Rend l’arrêt que voici, adopté à cette date :
PROCÉDURE
1. À l’origine de l’affaire se trouve une requête (no 55303/12) dirigée contre la République de Turquie et dont un ressortissant de cet État, M. Halil Kanal (« le requérant »), a saisi la Cour le 7 mai 2012 en vertu de l’article 34 de la Convention de sauvegarde des droits de l’homme et des libertés fondamentales (« la Convention »).
2. Le requérant a été représenté par Me R. Mercan, avocat à Antalya. Le gouvernement turc (« le Gouvernement ») a été représenté par son agent.
3. Le requérant alléguait en particulier une violation de l’article 8 de la Convention du fait d’une intervention chirurgicale qui avait eu des conséquences préjudiciables pour son intégrité physique.
4. Le 15 mars 2017, la requête a été communiquée au Gouvernement.
5. Par une lettre du 3 mai 2017, le greffe a été informé du décès du requérant, survenu le 22 juin 2014. Les héritiers de ce dernier, Mmes Güzide Kanal et Serpil Kurultay Kanal et MM. Osman Kanal et Oğuzhan Kanal, ont fait part de leur décision de poursuivre la procédure devant la Cour et d’être représentés par le même avocat que leur auteur. Le 4 décembre 2018, la Cour a accueilli la demande (paragraphe 23 ci-dessous). Pour des raisons d’ordre pratique, le présent arrêt continuera d’appeler M. Halil Kanal le « requérant » bien qu’il faille aujourd’hui attribuer cette qualité à ses héritiers (Dalban c. Roumanie [GC], no 28114/95, § 1, CEDH 1999-VI, et Çakar c. Turquie, no 42741/98, § 2, 23 octobre 2003).
EN FAIT
6. Le requérant est né en 1938 et résidait, à l’époque des faits, à Antalya.

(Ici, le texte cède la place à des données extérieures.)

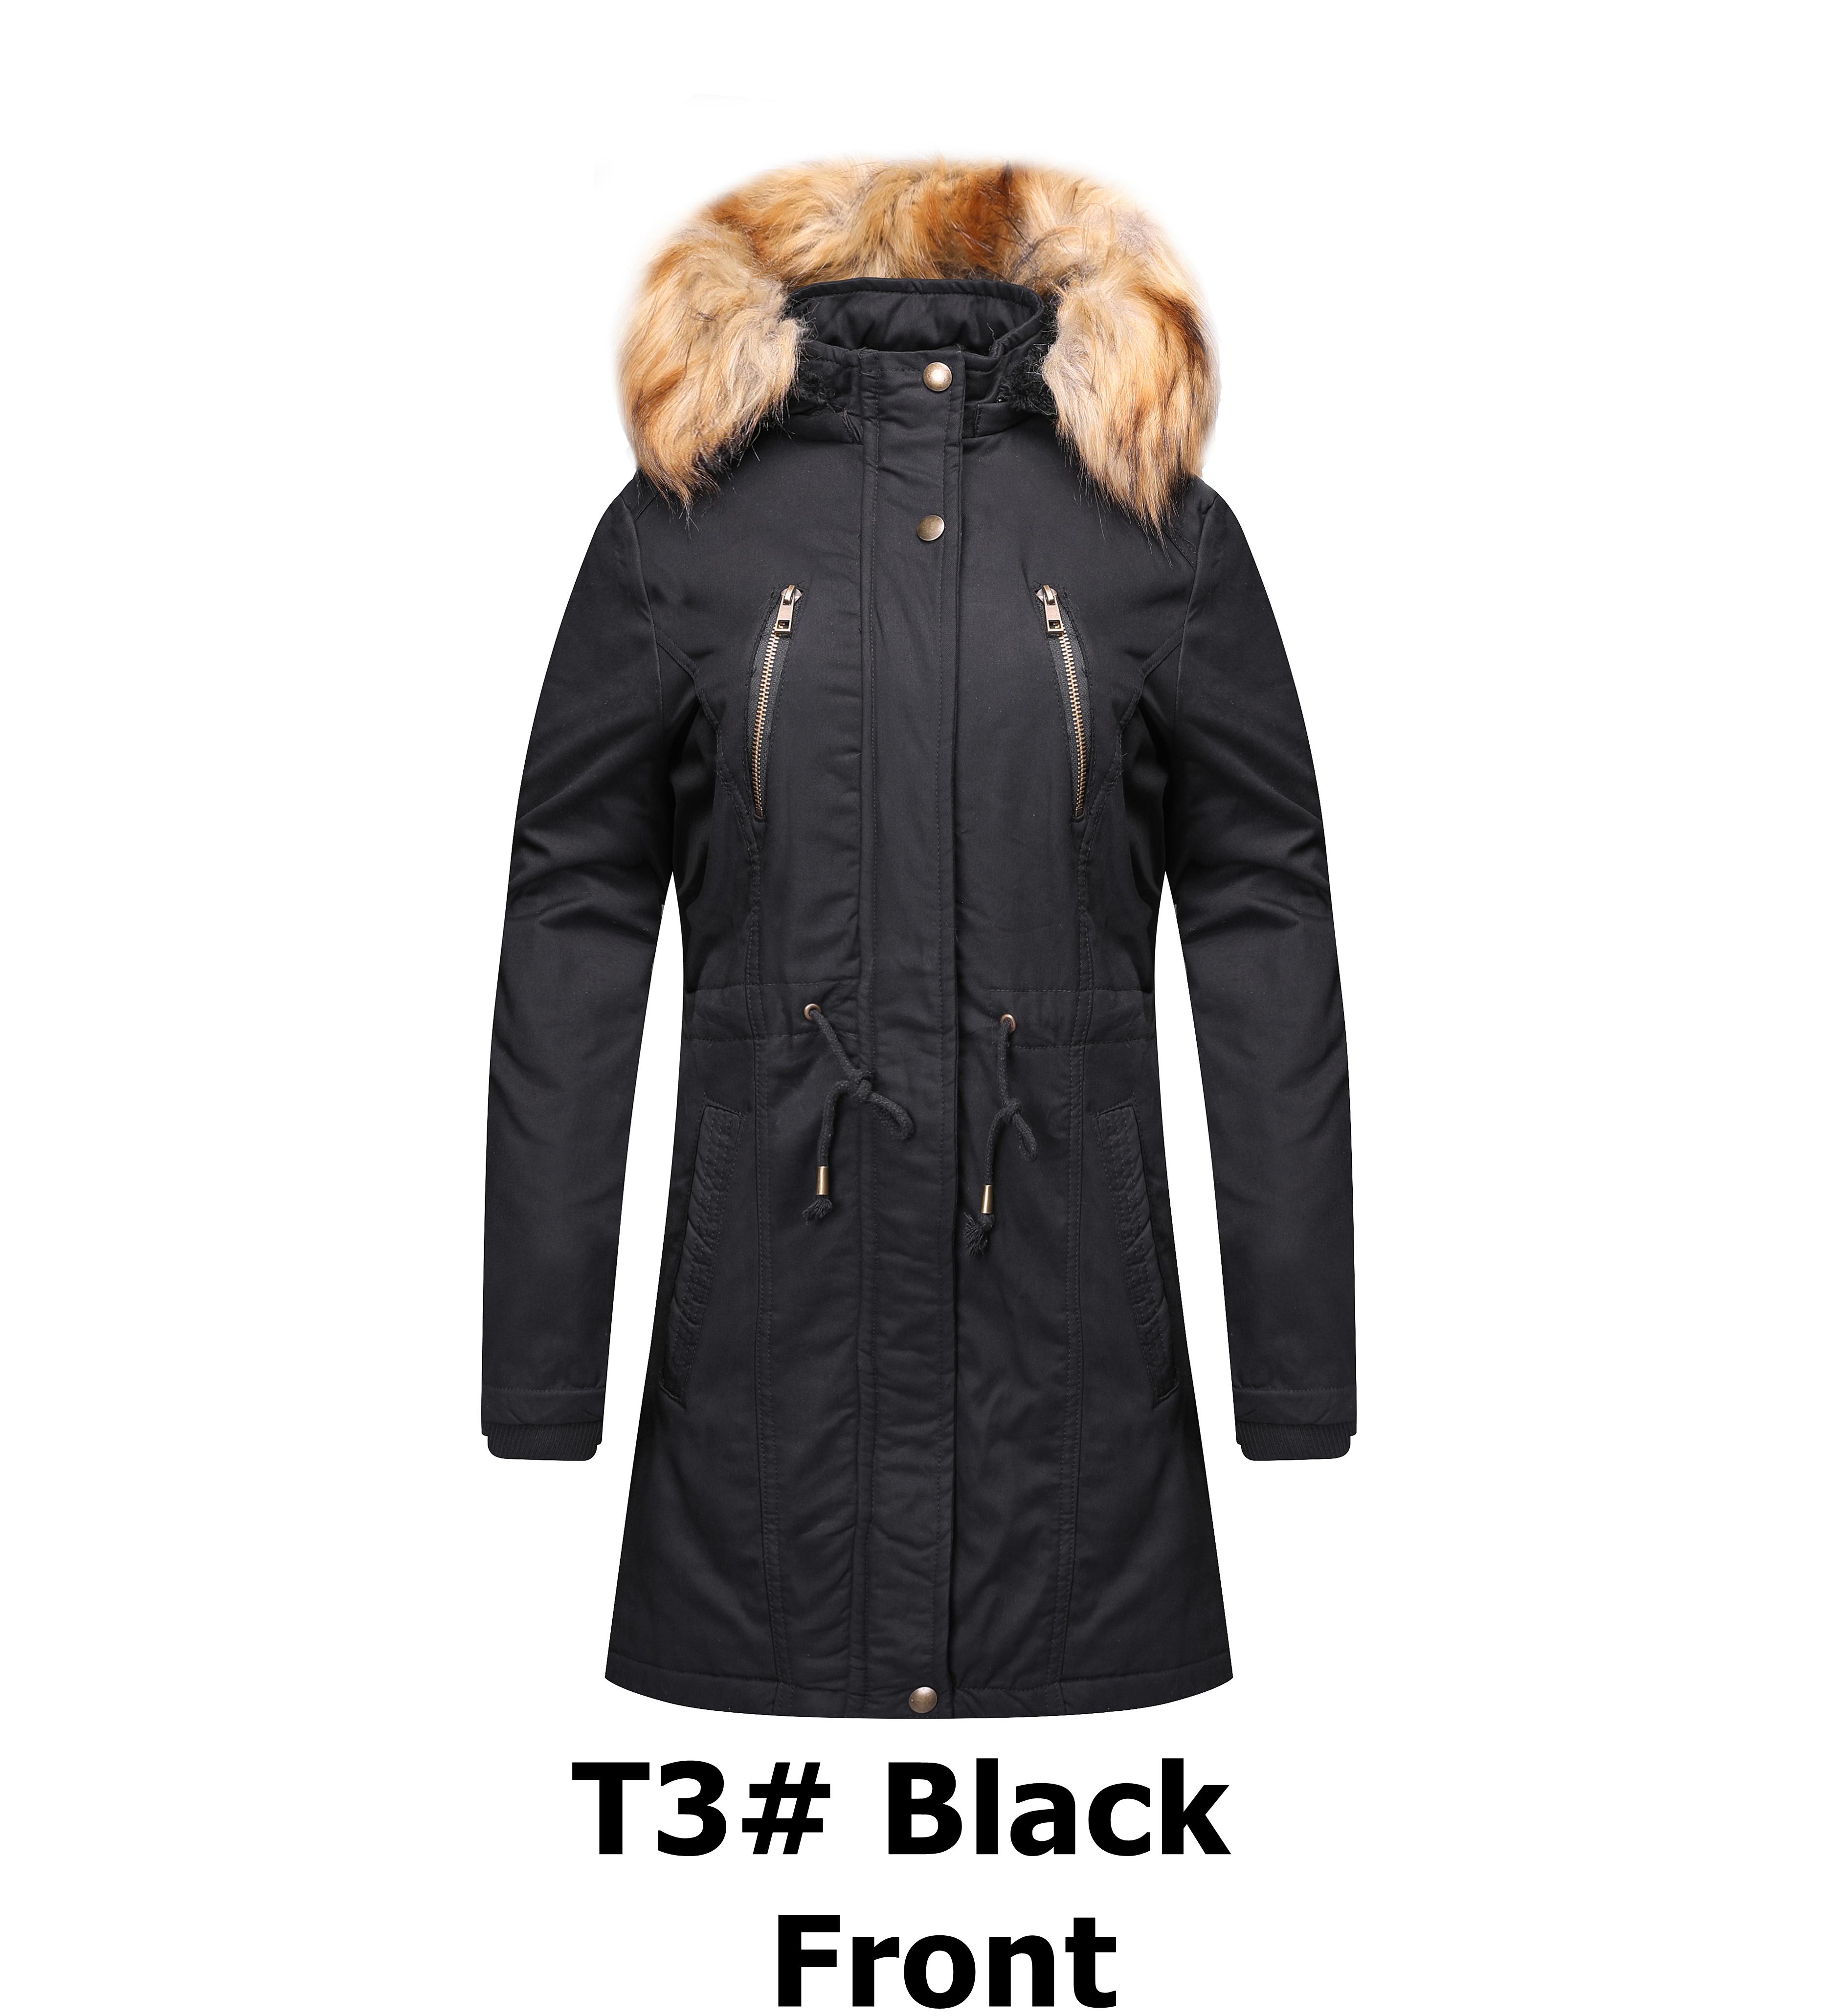 9e80538489ecf Personnalisé polyester longue à capuche femme hiver manteau cape manteau de  fourrure de vison manteau pour

7. Le 26 mai 2003, il subit une prostatectomie totale (dite aussi prostatectomie radicale) à l’hôpital universitaire Akdeniz pour traiter le cancer de la prostate qu’il présentait.
8. Lors de l’opération, le canal de l’urètre subit un traumatisme. Le chirurgien mit alors en place une sonde urinaire. Cependant, la sonde sortit de son emplacement plusieurs fois après l’opération, causant une fibrose post-opératoire et une infection urinaire. Une dérivation urinaire rectale fut par la suite proposée au requérant. Celui-ci refusa de subir cette intervention chirurgicale à l’hôpital universitaire Akdeniz.
9. Le 27 octobre 2003, l’intéressé fut opéré à l’hôpital Cerrahpaşa, où une dérivation urinaire rectale fut finalement pratiquée.
10. À la suite d’un dépôt de plainte par le requérant pour erreur médicale contre le chirurgien de l’hôpital universitaire Akdeniz, le décanat de la faculté de médecine d’Akdeniz mena une enquête administrative, sollicitant l’avis de plusieurs spécialistes.
11. Le 12 octobre 2004, le chef du service d’urologie de l’hôpital universitaire Hacettepe rendit son avis. Il concluait son rapport en ces termes :
« Le chirurgien T.E. n’a commis aucune faute médicale. La situation dénoncée est une complication de la chirurgie de prostatectomie totale. »
12. Un professeur en urologie du service d’urologie de l’hôpital universitaire Marmara estima que le chirurgien mis en cause n’avait commis aucune négligence médicale et qu’il s’agissait d’une complication.
13. Selon un autre spécialiste, professeur en urologie du service d’urologie de l’hôpital universitaire Istanbul, ce qui s’était passé était, pour le chirurgien, le résultat de la malchance.
14. Entre-temps, le 4 janvier 2004, le requérant avait introduit devant le tribunal administratif d’Antalya une action en responsabilité civile contre l’hôpital universitaire Akdeniz tendant à son indemnisation pour le préjudice subi.
15. Il présenta par la suite, à l’appui de sa demande, un rapport d’expertise d’une fondation médicolégale établi le 27 août 2004 par un médecin légiste, qui concluait que les complications dénoncées étaient dues à une erreur médicale commise par le chirurgien lors de l’opération de prostatectomie.
16. Le 7 novembre 2006, le tribunal ordonna une expertise médicale auprès de l’institut médicolégal avant de statuer sur le fond de l’affaire.
17. Le 20 décembre 2006, l’institut médicolégal tint sa réunion, à laquelle il convia un médecin légiste spécialisé en urologie, pour avis.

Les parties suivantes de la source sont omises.